Please Stand By...
Monday, March 15, 2010 at 5:30PM ...we are experiencing technical difficulties.

Ed, my husband, in all his great wisdom this morning said, "It's like you're gay and in the closet. Except you're depressed and are afraid to tell anyone."
But how full of myself am I, that I'm not only a painter, but an artist, and a depressed one at that.
"I am very depressed and deeply disgusted with painting. It is really a continual torture." (Claude Monet)
The past few weeks have been exhausting on both myself and my family. I feel every bad thing in the whole world then nothing at all.
"I am in that temper that if I were under water I would scarcely kick to come to the top." (John Keats)

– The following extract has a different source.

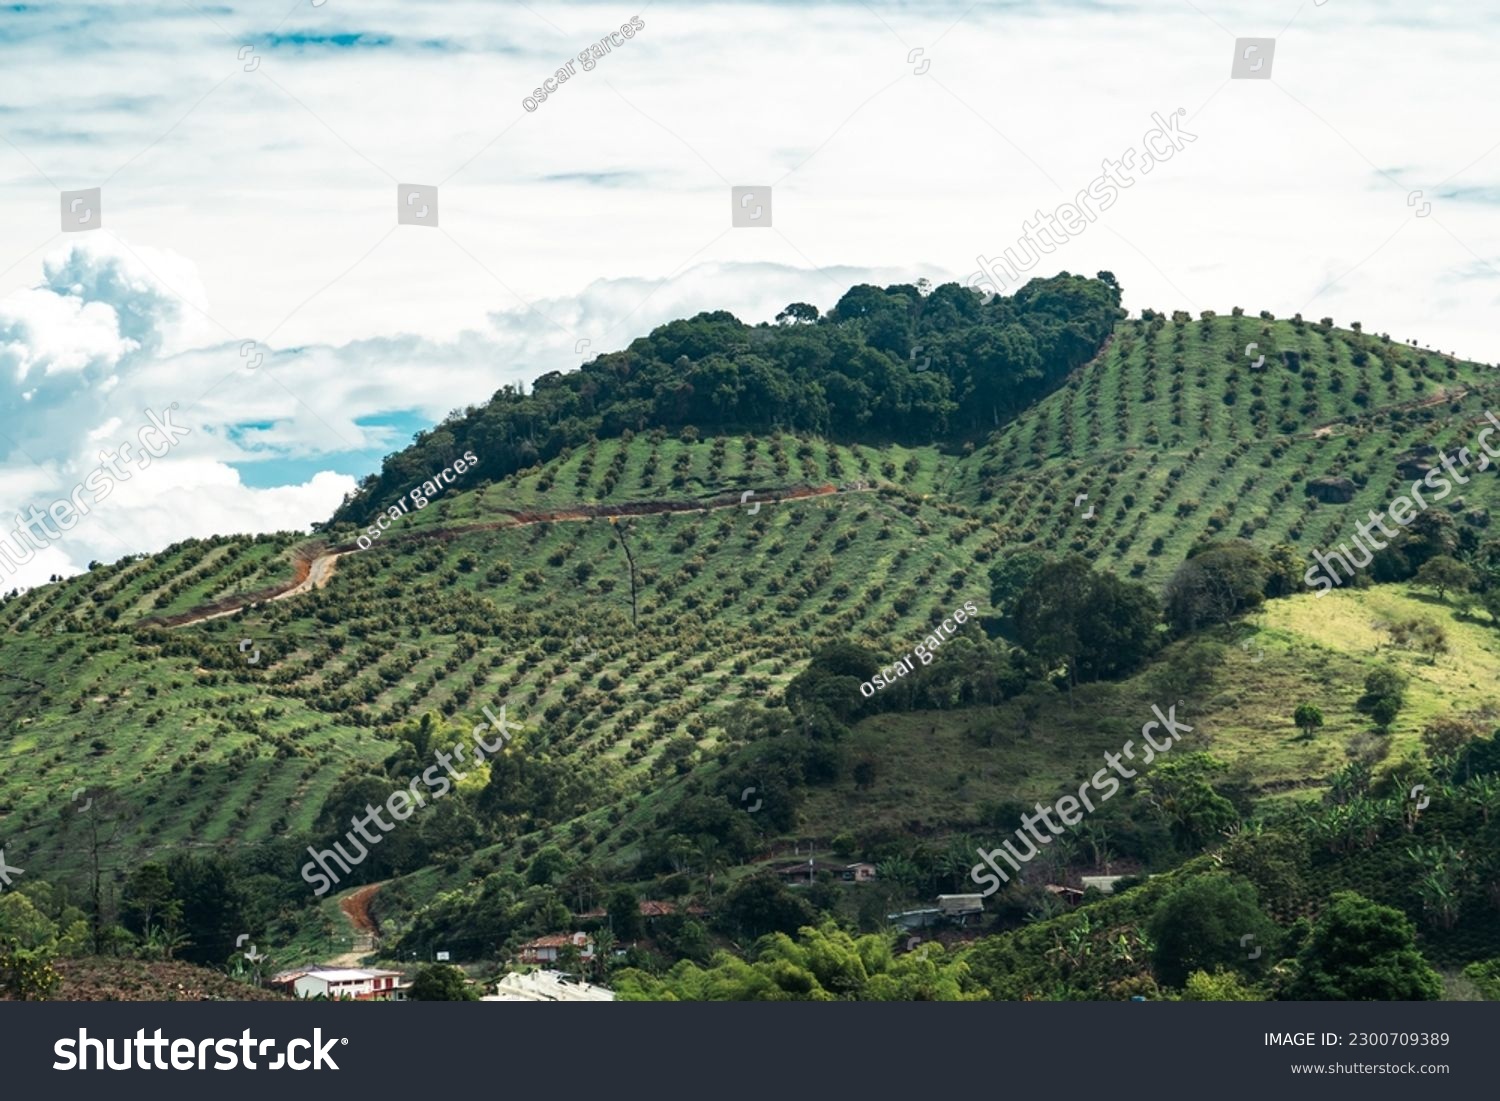 Mountain with avocado plantation and rural landscape. Jerico, Antioquia, Colombia.  #2300709389

I slug around, moping and sleepy and can barely do a single thing in one day.
"Every act of life, from the morning toothbrush to the friend at dinner, became an effort. I hated the night when I couldn't sleep and I hated the day because it went toward night." (F. Scott Fitzgerald)
I struggle to express what's going on in my head only to mumble a bit and...
"To have gone to all this trouble to get to this is just too stupid! Outside there's brilliant sunshine but I don't feel up to looking at it..." (Claude Monet)
If I were to look at me from the outside, I'd kick myself in the arse and go shopping instead.
"What's the use? The people are too stupid. They do not understand." (Winslow Homer)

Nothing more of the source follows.